There are two links in the center of the diagram: a hierarchical link (HLink) to the left of the Hub Lead and a same-as-link (SAL) to the right. Both links are standard links, but they serve a specific purpose: the hierarchical link is used to capture parent-child hierarchies, as found in the source data with the Parent Link attribute. The attached effectivity satellite indicates if this relationship is still valid or outdated because the relationship has been changed.
The same-as-link is used for a different purpose: in many data sources there are duplicate records. This is especially true for CRM systems, but certainly not limited to them. We experience duplicate records everywhere, not only within one system but also across multiple systems. The same-as-link is used to indicate the duplicates and map them to their designated master records. In the case of Dynamics CRM, the source data set provides a Master Lead which can be used to map the records. However, in many other cases, the data source is not providing such data, or it might not be sufficient, and we discuss in one of the next articles of this series how we implement a same-as-link in the Business Vault using business logic, such as fuzzy matching or Soundex algorithms. Because these mappings can change over time, an effectivity satellite is used to capture the deleted date of outdated mappings.
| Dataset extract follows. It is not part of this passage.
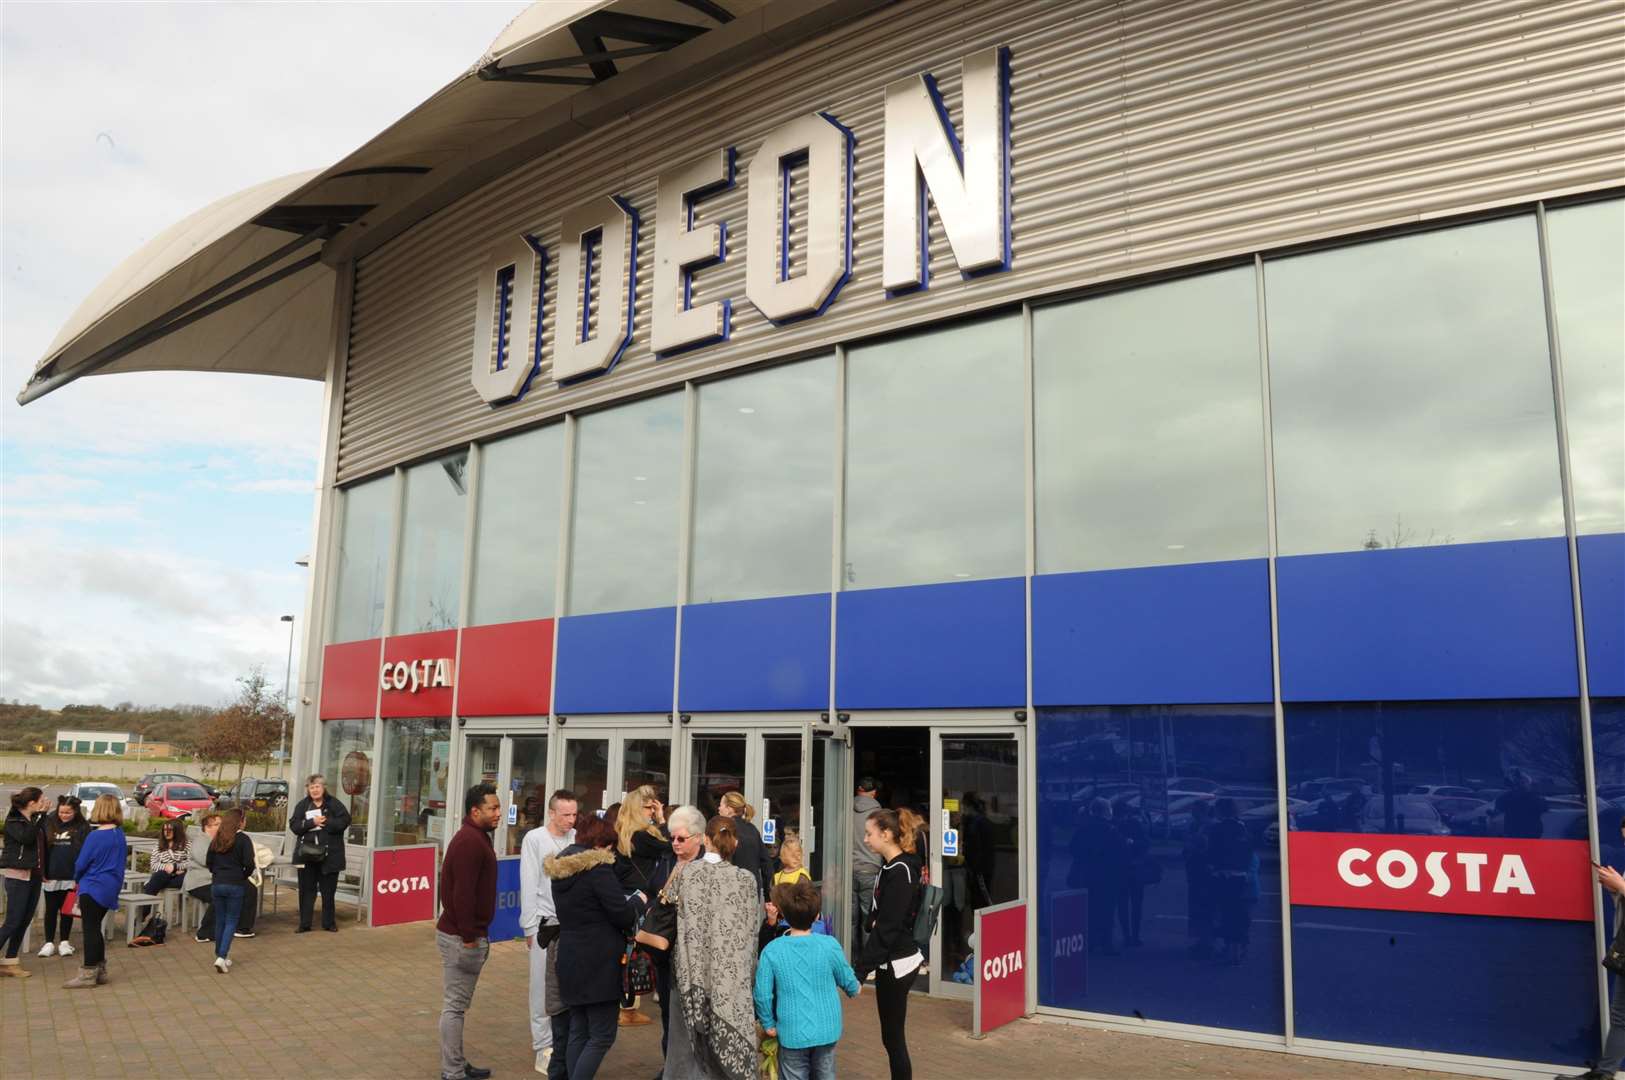 Odeon Cinema, Levathian Way, Chatham

There are three referenced hubs at the bottom of the diagram: hubs for account, customer, and contact. They are introduced because of foreign keys in the source dataset, which also result in respective links and effectivity satellites to capture changes on the foreign keys. Since all these related entities play multiple roles in the lead dataset (one is the parent, and one is a direct relationship), there are multiple links, including their effectivity satellites.
THE CONTACT MODEL
The contact model is centered on a hub for contact, with the business key Contact ID, similar to the lead model:
Again, this is due to the nature of the contact business object. The source data contains personal data and therefore the descriptive data is split into two satellites on the hub to separate personal data from the non-personal data. The source dataset contains a similar hierarchy and master indicator that lead to the hierarchical link and the same-as-link for the same reasons.
The biggest difference is the lower number of foreign keys in the source dataset, which leads to fewer links.
THE ACCOUNT MODEL
The Raw Data Vault model for accounts is very similar to the lead and contact model, due to the similar nature of the business object. Again, this is a clear business object and operational master data. Such cases are often modeled as hubs and satellites. Therefore, the center of the diagram shows the hub for an account:
However, GDPR doesn’t play much role in this case because (we assume) that the account object doesn’t hold any personal data. Corporate data is not affected by the right to be forgotten. Therefore, the descriptive attributes are not split into different satellites.
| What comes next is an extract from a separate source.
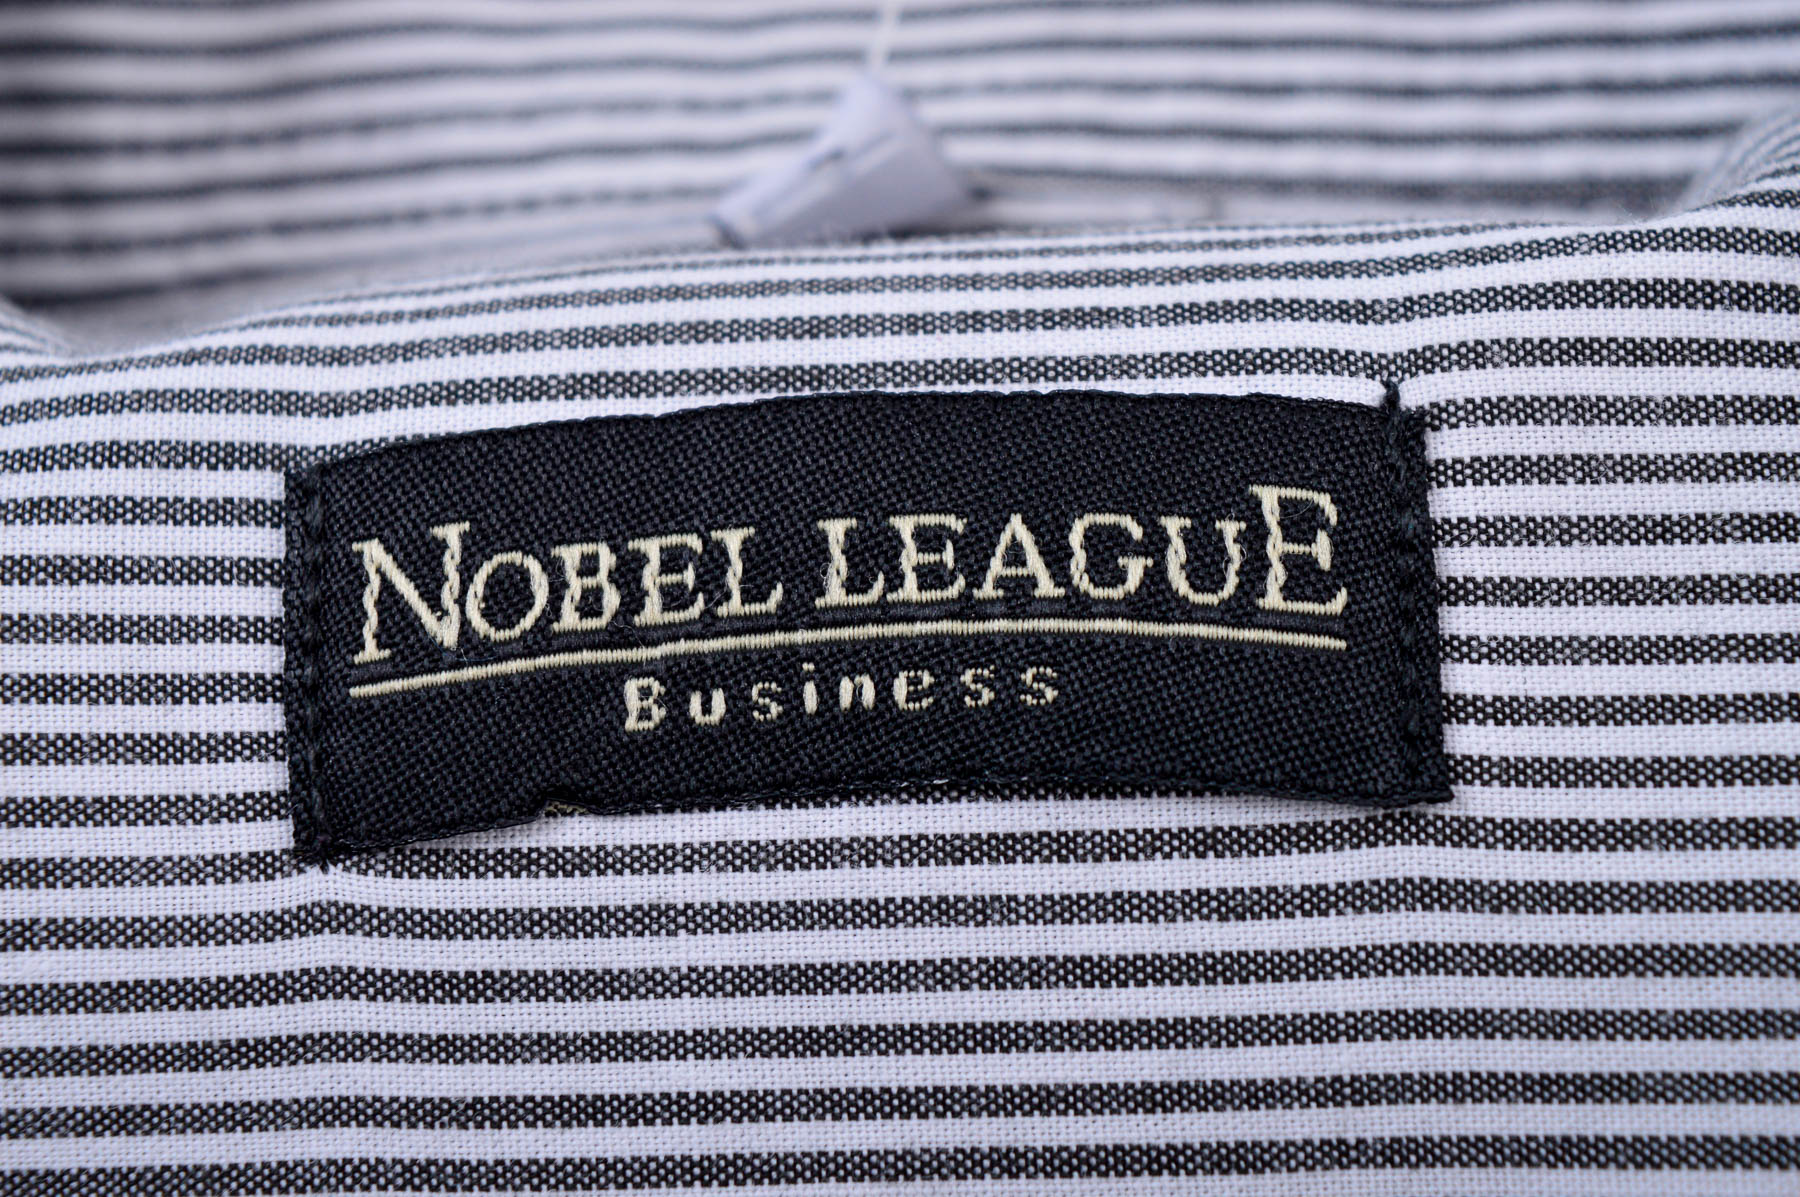 Ανδρικό πουκάμισο - Nobel League - 2

There are also fewer foreign keys, only the primary contact of the account and the originating lead. The Data Vault design follows the same principles in regard to the referenced hub, the link, and the effectivity satellite as the Lead model.
THE PRODUCT AND QUOTE MODEL
It is easy to argue that a Product is also a business object. Therefore, the Raw Data Vault model is again centered on a hub:
The source data set provides a product hierarchy which is captured by the hierarchical link to the left of the product hub. A link called “DLink Opportunity Line Item” is greyed out because it is discussed in the next section.
It could be argued that the quote object in the data source represents a business object or alternatively facts. The decision on how to model the quote data depends largely on this decision. Based on the conceptual model from the beginning of this article, the decision is made to consider the quote as a business object and therefore model it as a hub with satellites:
The design largely follows the same principles as the previous models. Since quotes might include personal data, we decided to split the attributes into two satellites for personal and non-personal data attributes. The quote dataset has a number of foreign keys, including customer, account, contact, and opportunity which is discussed in the next section. Every foreign key is implemented as a link with their effectivity satellites to capture soft deletes.
THE OPPORTUNITY MODEL
For the opportunity dataset in Dynamics CRM, it was decided that this data represents factual data. We consider this data as non-historized as the data represents typical business transactions.
In the following diagram, the opportunity is captured as two links and a hub:
The opportunity is identified by the Opportunity ID. This business key is captured by the Hub Opportunity. There is also an effectivity satellite to keep track of deletes in the source data as soft-deletes in the data warehouse.
But most of the actual data is captured by the two links to the left: “NHLink Opportunity” and “DLink Opportunity Line Item.” In Microsoft Dynamics, an opportunity can have multiple line items. We expect that the user would like to analyze opportunities on both levels (the opportunity level and the line item level) as facts. To capture such data efficiently, we typically use a non-historized link (here: NHLink Opportunity) or dependent child link (DLink Opportunity Line Item).
Both link entities have some similarities: they should capture the data in the same granularity as they arrive at the data analytics platform. For every opportunity, there should be one record in the non-historized link, and for every line item, there should be one record in the dependent-child link.
As the name suggests, the dependent child link contains a dependent child, the Line Item Number. This is required because the opportunity could have the same product multiple times on different line items, for example, to provide different discount levels or line item descriptions. To be able to capture each individual line item, the granularity of the link is extended by the dependent child, so each line item can be described individually by the attached satellites.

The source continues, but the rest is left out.